First photo I found is from April so I will start there. My son's turtle sandbox cover was left on the dormant grass for a couple days and when I flipped it, there was serious growth as of April 2nd when everything would stay dormant for another several weeks. I also had a lot of weed pressure, with some interesting ones flowering that I snapped a photo of attached. I didn't really do much in April per my records. Did the first cut on April 24th which my notes say was mostly weeds. I don't think the grass really started growing until that least week of April due to low soil temps. My neighbor two doors down was ribbing me that my lawn looked so terrible with all the weeds popping up - and he is a pastor! Well that was what ultimately led me down the rabbit hole.


----------



## wiltonlawn (7 mo ago)

MAY: I think I ended up watching an Allan Hayne video titled something like "If you do one thing to your lawn this year" and it basically suggested broadcast spreading a 3 in 1. I think his overall message to viewers is that you need to start somewhere, and this is a pretty easy thing that most people can handle. At the time my daughter had just turned 1 and my son was nearly 2 1/2, so I didn't have high expectations for myself. So I ended up buying some Greenview on sale and threw it down on May 3rd. It was a little late, but it had been a cold and I read the dithiopyr would still be pretty effective even if late.

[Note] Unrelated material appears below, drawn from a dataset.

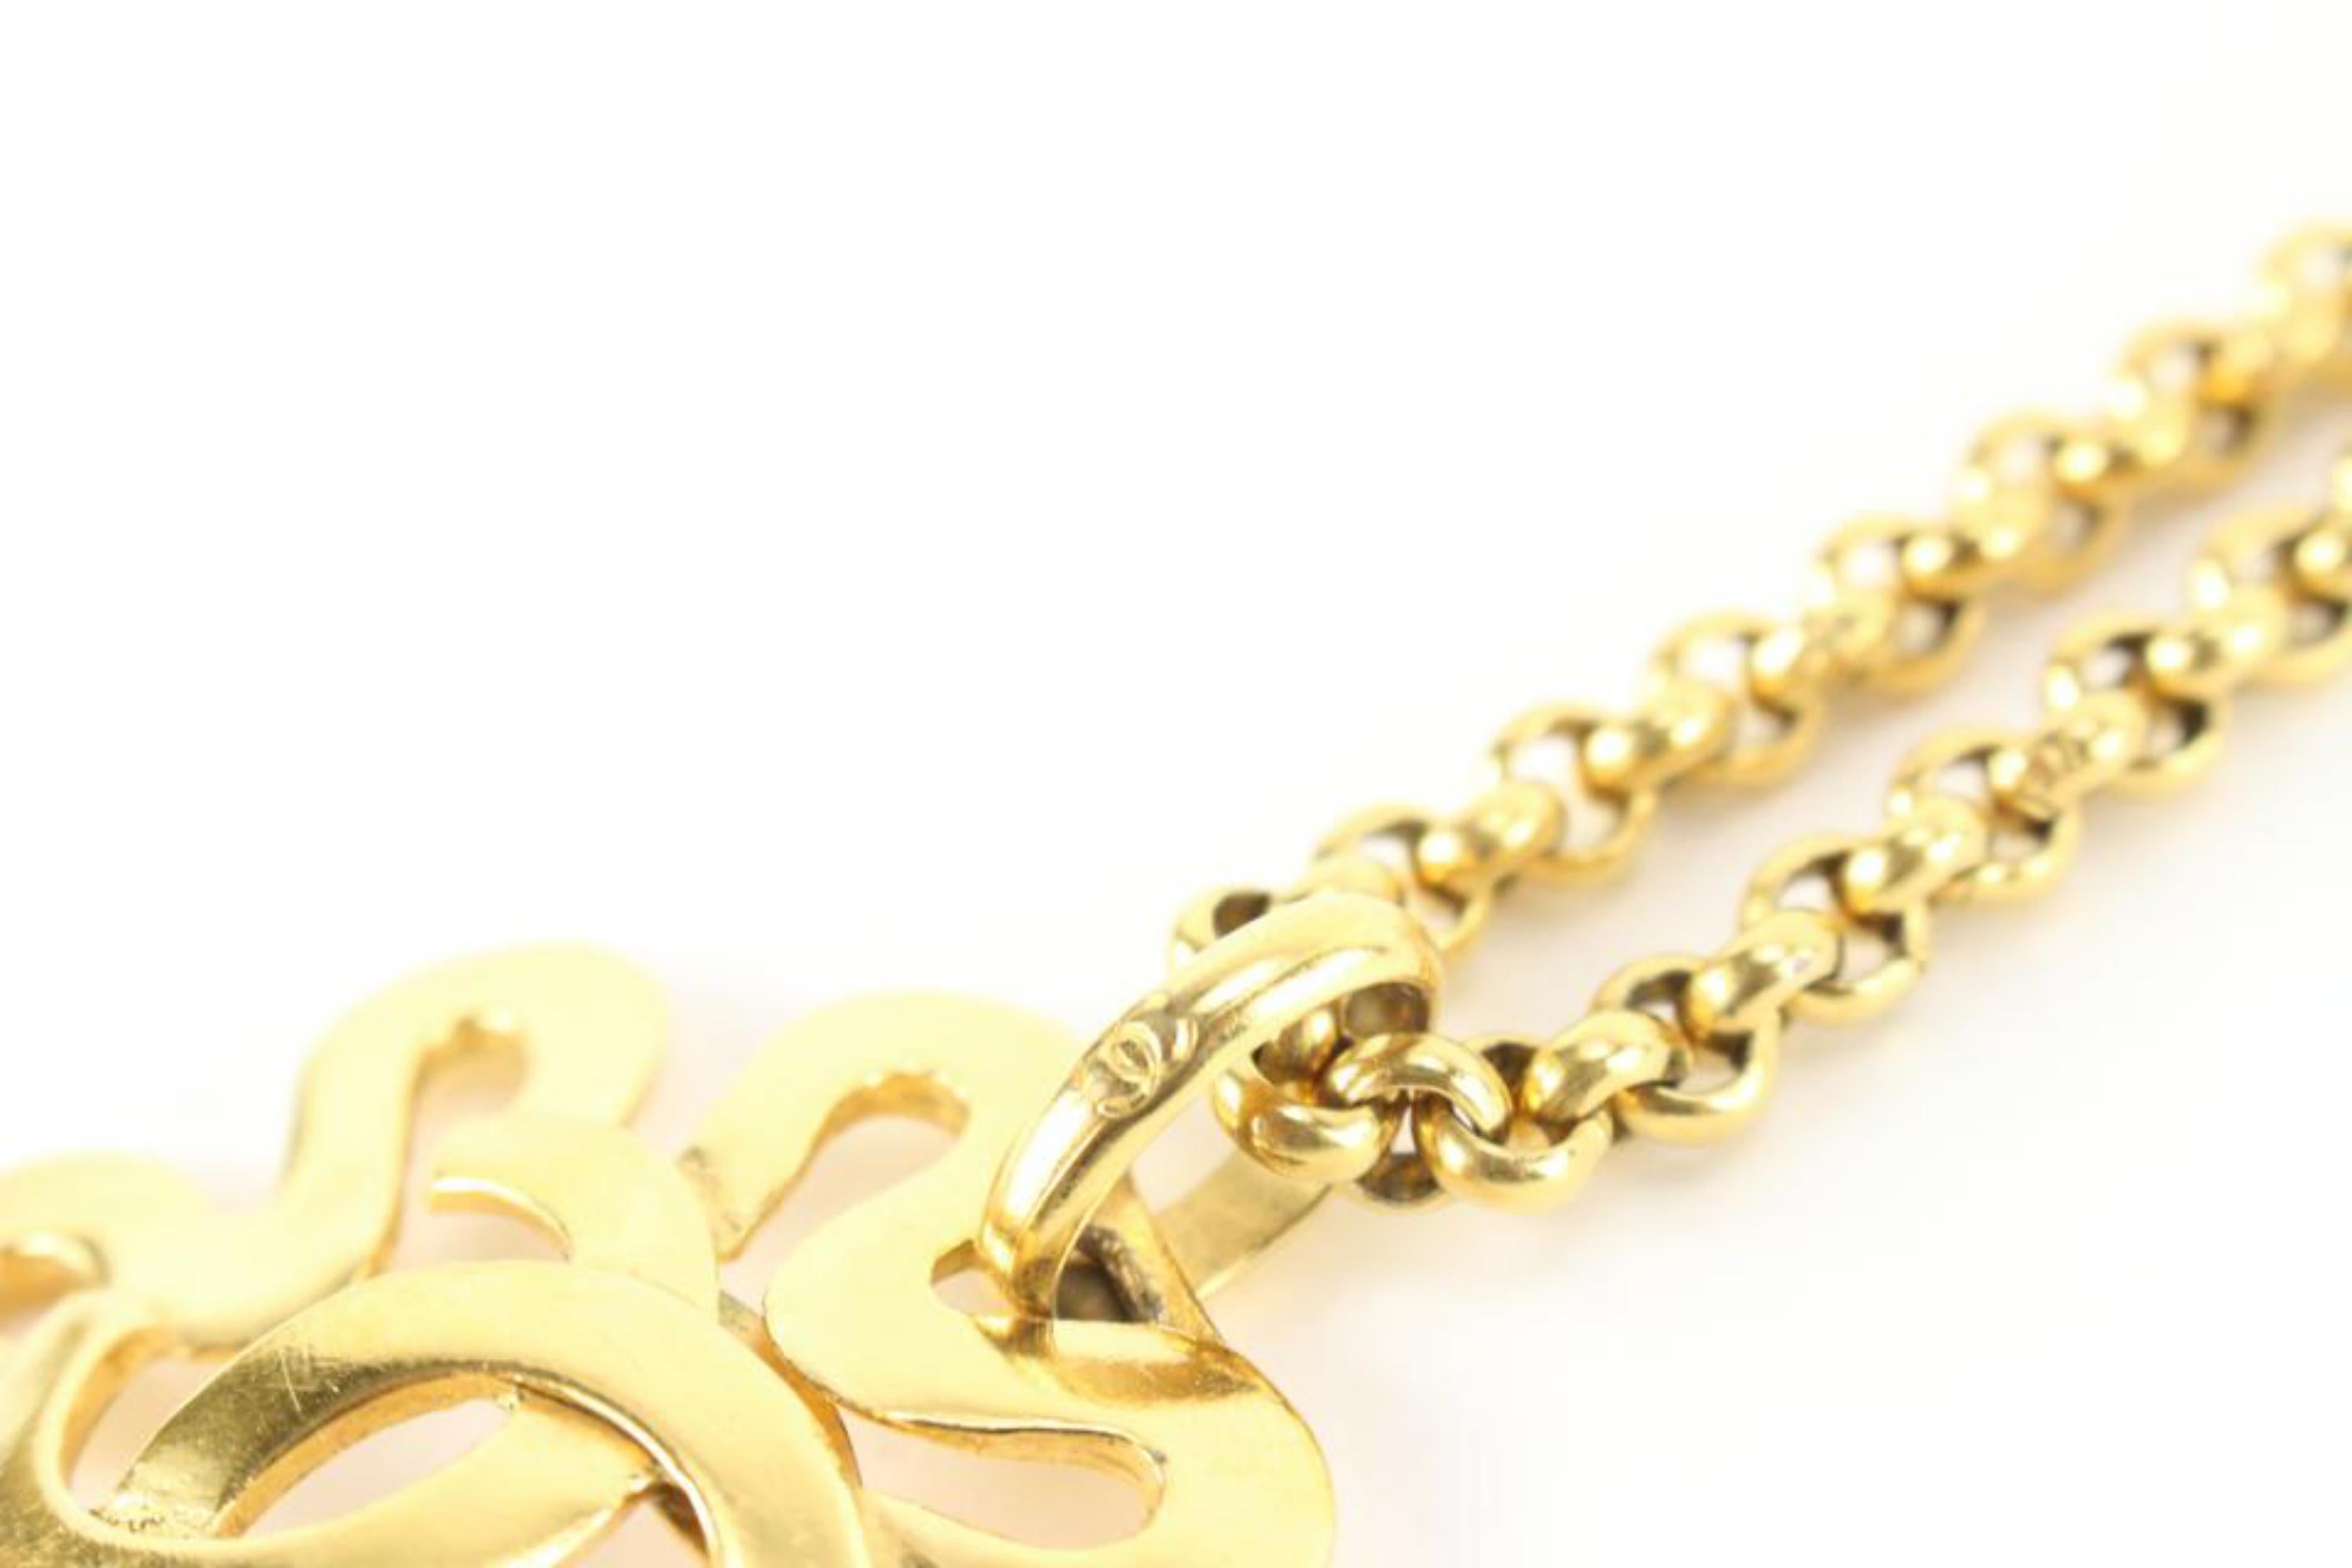 24k gold chanel necklace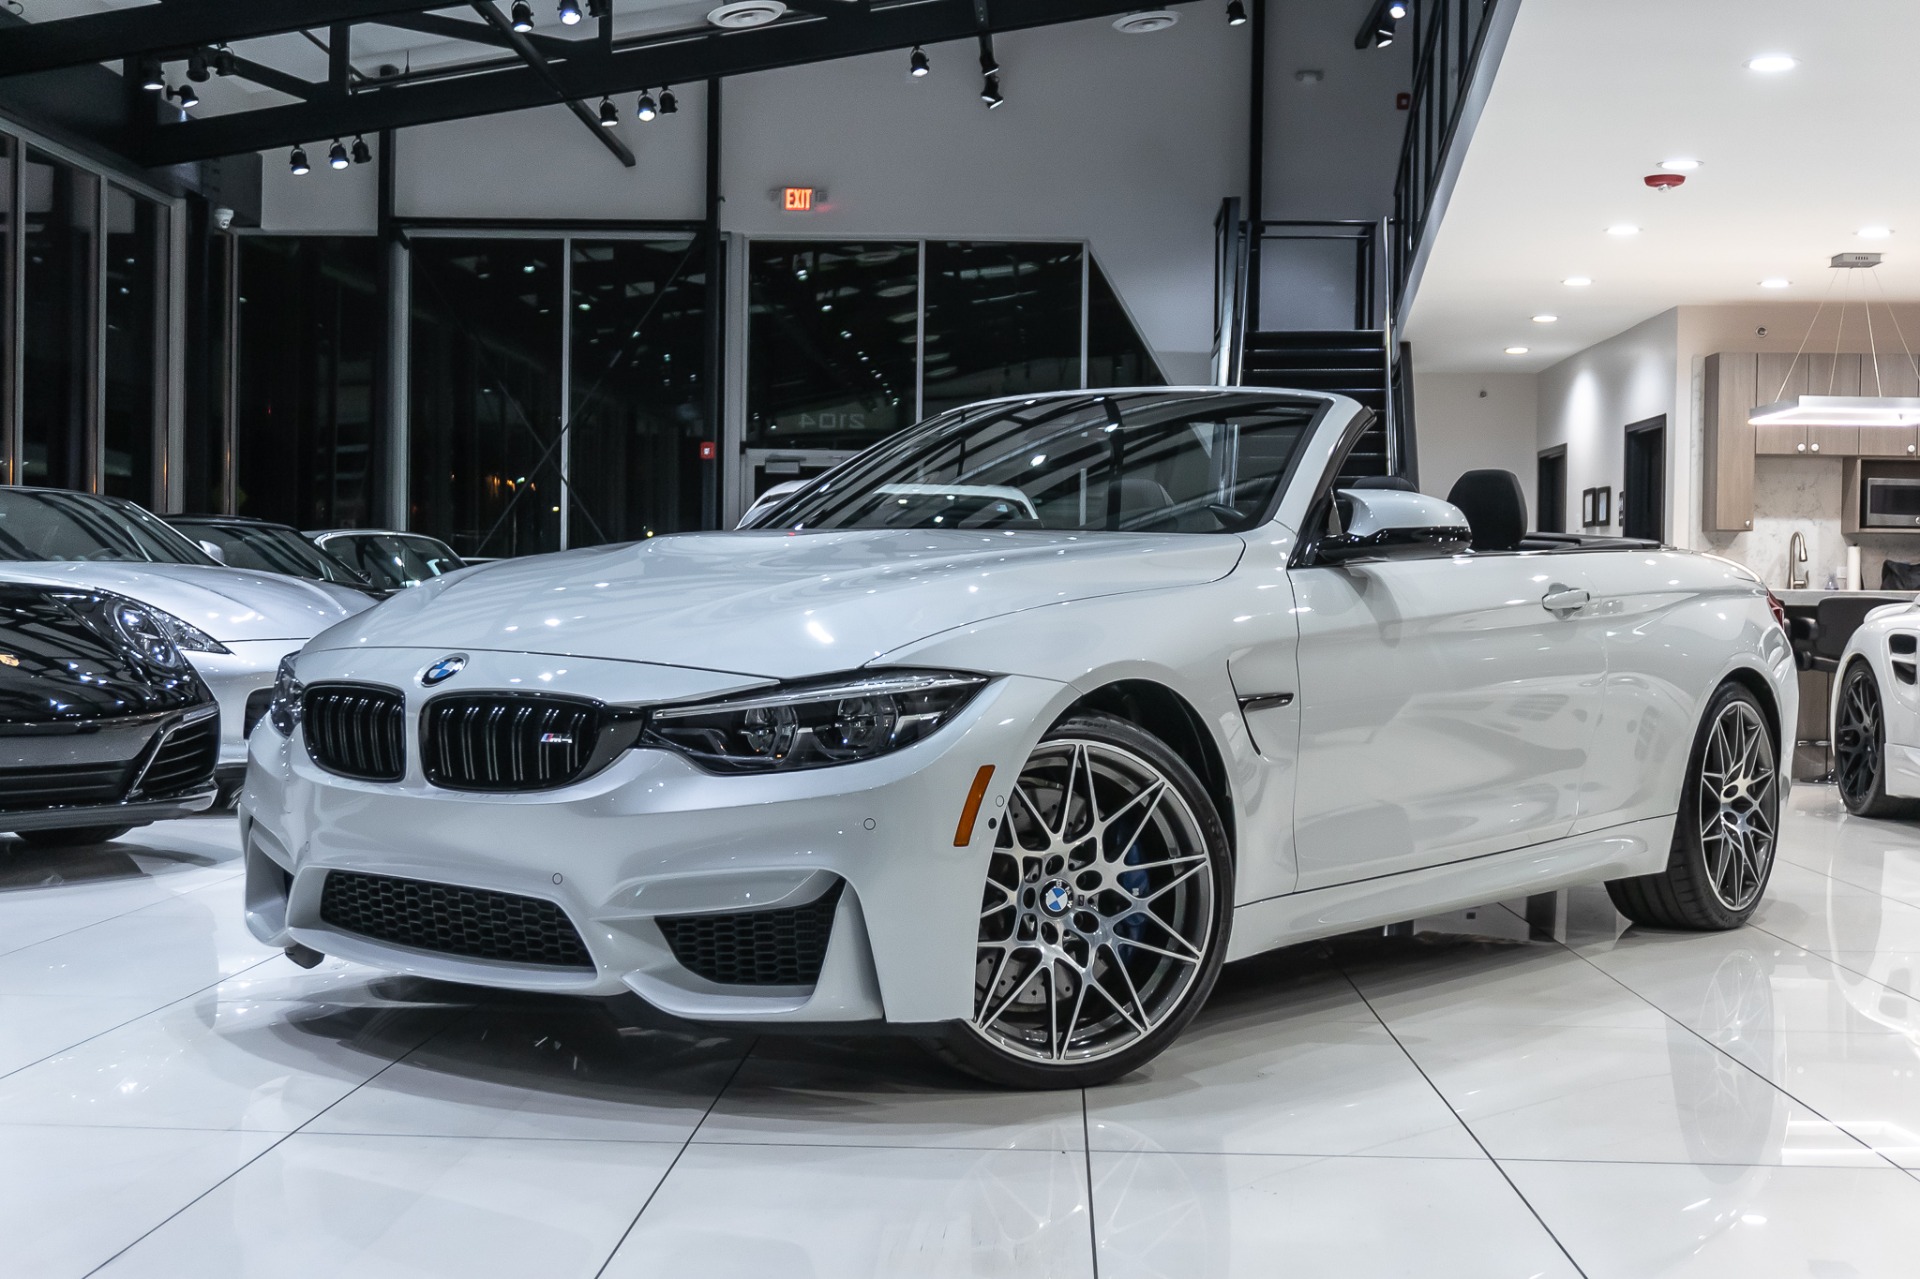 Used 2018 BMW M4 Convertible Competition Pkg + Executive Pkg $90k+ MSRP

I got a good response from the N, but the mature broadleafs shrugged off the herbicides despite the fact that I spread it at the perfect time in the morning for the granulars to stick. I gave it a couple weeks to see progress, but by then I had been learning about backpack sprayers. I ended up getting a 4 gallon Flowzone based on a few youtube video recommendations. I also purchased Speedzone, mesotrione, and NIS. By the time everything arrived and I had figured out the calibration, I wasn't able to spray until early June. I don't have any lawn pictures from May, just one of smoe wild strawberry that I was trying to identify. By this point, there was a lot of stawberry, charlie, violets, clover, plus other stuff I didn't know was undersireable - nimble weed, bentgrass, stiltgrass - you name it. So I was planning to broadcast spray essentially the whole lawn. At this point I was still hiring out the mowing, but I switched to a guy that did a few neighbors lawns and he came on Wednesday instead of Friday. This essentially opened up the weekend when the kids were napping if I wanted to do anything to the lawn and still followed the 24-48hr pre-cut / post-cut application rules.


----------



## wiltonlawn (7 mo ago)

JUNE: A nice month. Very sunny with some rain. I continued to hire out weekly mowing but started to do some applications. I sprayed the Speedzone/Mesotrione mixture on the front and back. Saw some control but also had a lot of violets/strawberry laugh it off. I put down a bag of Mag-i-Cal I had bought the previous season to the front yard. And I sent out a soil test for the front yard as well. Started taking photos at the solistice to understand how much sun the different parts of the lawn receive. Joined The Lawn Forum after finding a lot of answers to my google searches here. Continued researching what was turning white in theyard.


----------



## wiltonlawn (7 mo ago)

JULY: Started to dry out and get hot (for here that is 85-92). Soil test on front said I was low on N,K and high on P. pH at 6.2. I ended up spreading 500 lbs of lime between front and back before rains early in the month before there was concern about potential drought. Started getting some crab and stiltgrass coming up a little after the 4th, picture shows it in backyard late July.Later figure out the scotts spreading was responsible for the the crabgrass striping as the dithopior did not get down evenly. Ended up spraying Acclaim/Tenacity when conditions allowed. Not sure I did the best job with it or if it requires several applications. Was using the cone tip that came with the FlowZone. Eventually decided to spend a few bucks for TeeJet fan tip for finer foliar spray. Started thinking about what kinds of culitvars I could use to overseed. Settled on Untited Super Turf TFFF. Given that I don't have irrigation in place this made the most sense at the time.


----------